1. Gainspan chip talks to the Twine server.
2. ARM MCU interacts with sensors and notifies Gainspan chip when new data is available; Gainspan forwards to server.
3. When new rules are available, Gainspan reprograms the MCU.

So this means that – somehow – rules we enter through the web interface are being compiled into an ARM binary and written to the MCU. That doesn’t seem like the safest, or most efficient, workflow, but there’s a lot I don’t know about the backend here.

This data collected over USB also agrees with everythin I saw in the firmware as well as over the packet capture.

My initial assumption:

Presumably the STM32 microcontroller runs the show, the GS1011 provides network connectivity, and either data or firmware are stored in the flash.

was wrong!

Flash Memory Dump

The last investigation I did was sniffing the SPI bus to the external SPI flash memory. The easiest way to do this was to buy an IC Test Clip.

Sniffing the SPI port with a SOIC test clip

I then ran the SPI data into my Analog Discovery logic analyzer:

Logic analyzer traces from the SPI bus. In this setup, MISO is from the flash to the Gainspan.

The results were a bit confusing. I saw the following transaction (and variants) occur many times:

Controller | Memory
           |
        05 |        Get Status Reg 1
           | 00     response: 0x00 (no protection, nothing in progress)
        03 |        Read
        07 |        
        00 |      
        00 |        addr 0x070000
           | 00     response: DATA
           | 01 07 00 16 EE 01 00 00 F0 08 00 BF 83 01 00 00 00 00 00 00 00 00 00 FC FC 00 7B

Sometimes it was at different addresses, but the data contents were always the same.

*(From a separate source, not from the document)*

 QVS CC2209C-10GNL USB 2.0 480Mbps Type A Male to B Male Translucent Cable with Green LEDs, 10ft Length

That doesn’t really look like an encryption key to me – lots of null bytes – so maybe it’s some kind of configuration register? Then again, seems like overkill to get a 1 MB flash for just a few dozen bytes.

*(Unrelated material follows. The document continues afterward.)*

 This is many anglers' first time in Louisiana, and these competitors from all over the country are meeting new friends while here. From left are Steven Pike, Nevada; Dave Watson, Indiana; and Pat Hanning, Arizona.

There was a lot more to investigate with the flash that I never got to, such as:

• What SPI transactions are observed when we perform a rule update?
• Do I ever observe a write?
• Can I dump the entire contents of the chip? (may be difficult in vivo)

to be continued?

Clearly, there are many more mysteries to unravel here, but I think that’s alright: I learned a ton and made some interesting discoveries; my goal wasn’t to reverse engineer this device until there was nothing left.

Over a year later, I think it’s time to call this project finished.